> REQUIRED ACTION
Every line from the one with "Shacklewell Lane Mosque" to the end of the entries, both included, is to be copied exactly; the other lines stay out.

Collection entries:
*****

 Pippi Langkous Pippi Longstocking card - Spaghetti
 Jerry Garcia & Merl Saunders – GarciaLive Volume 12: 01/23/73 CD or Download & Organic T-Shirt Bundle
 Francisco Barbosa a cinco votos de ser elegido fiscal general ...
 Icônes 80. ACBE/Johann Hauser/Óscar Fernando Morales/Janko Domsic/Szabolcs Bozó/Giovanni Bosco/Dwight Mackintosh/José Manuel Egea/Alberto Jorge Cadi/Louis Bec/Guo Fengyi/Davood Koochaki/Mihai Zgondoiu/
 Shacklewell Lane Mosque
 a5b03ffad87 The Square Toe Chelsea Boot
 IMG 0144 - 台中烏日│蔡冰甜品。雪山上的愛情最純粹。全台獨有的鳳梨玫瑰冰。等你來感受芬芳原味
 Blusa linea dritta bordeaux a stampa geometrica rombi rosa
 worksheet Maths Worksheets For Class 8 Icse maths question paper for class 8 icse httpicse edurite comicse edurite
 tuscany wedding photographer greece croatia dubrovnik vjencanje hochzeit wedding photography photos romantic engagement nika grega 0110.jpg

*****

> YOUR RESPONSE
 Shacklewell Lane Mosque
 a5b03ffad87 The Square Toe Chelsea Boot
 IMG 0144 - 台中烏日│蔡冰甜品。雪山上的愛情最純粹。全台獨有的鳳梨玫瑰冰。等你來感受芬芳原味
 Blusa linea dritta bordeaux a stampa geometrica rombi rosa
 worksheet Maths Worksheets For Class 8 Icse maths question paper for class 8 icse httpicse edurite comicse edurite
 tuscany wedding photographer greece croatia dubrovnik vjencanje hochzeit wedding photography photos romantic engagement nika grega 0110.jpg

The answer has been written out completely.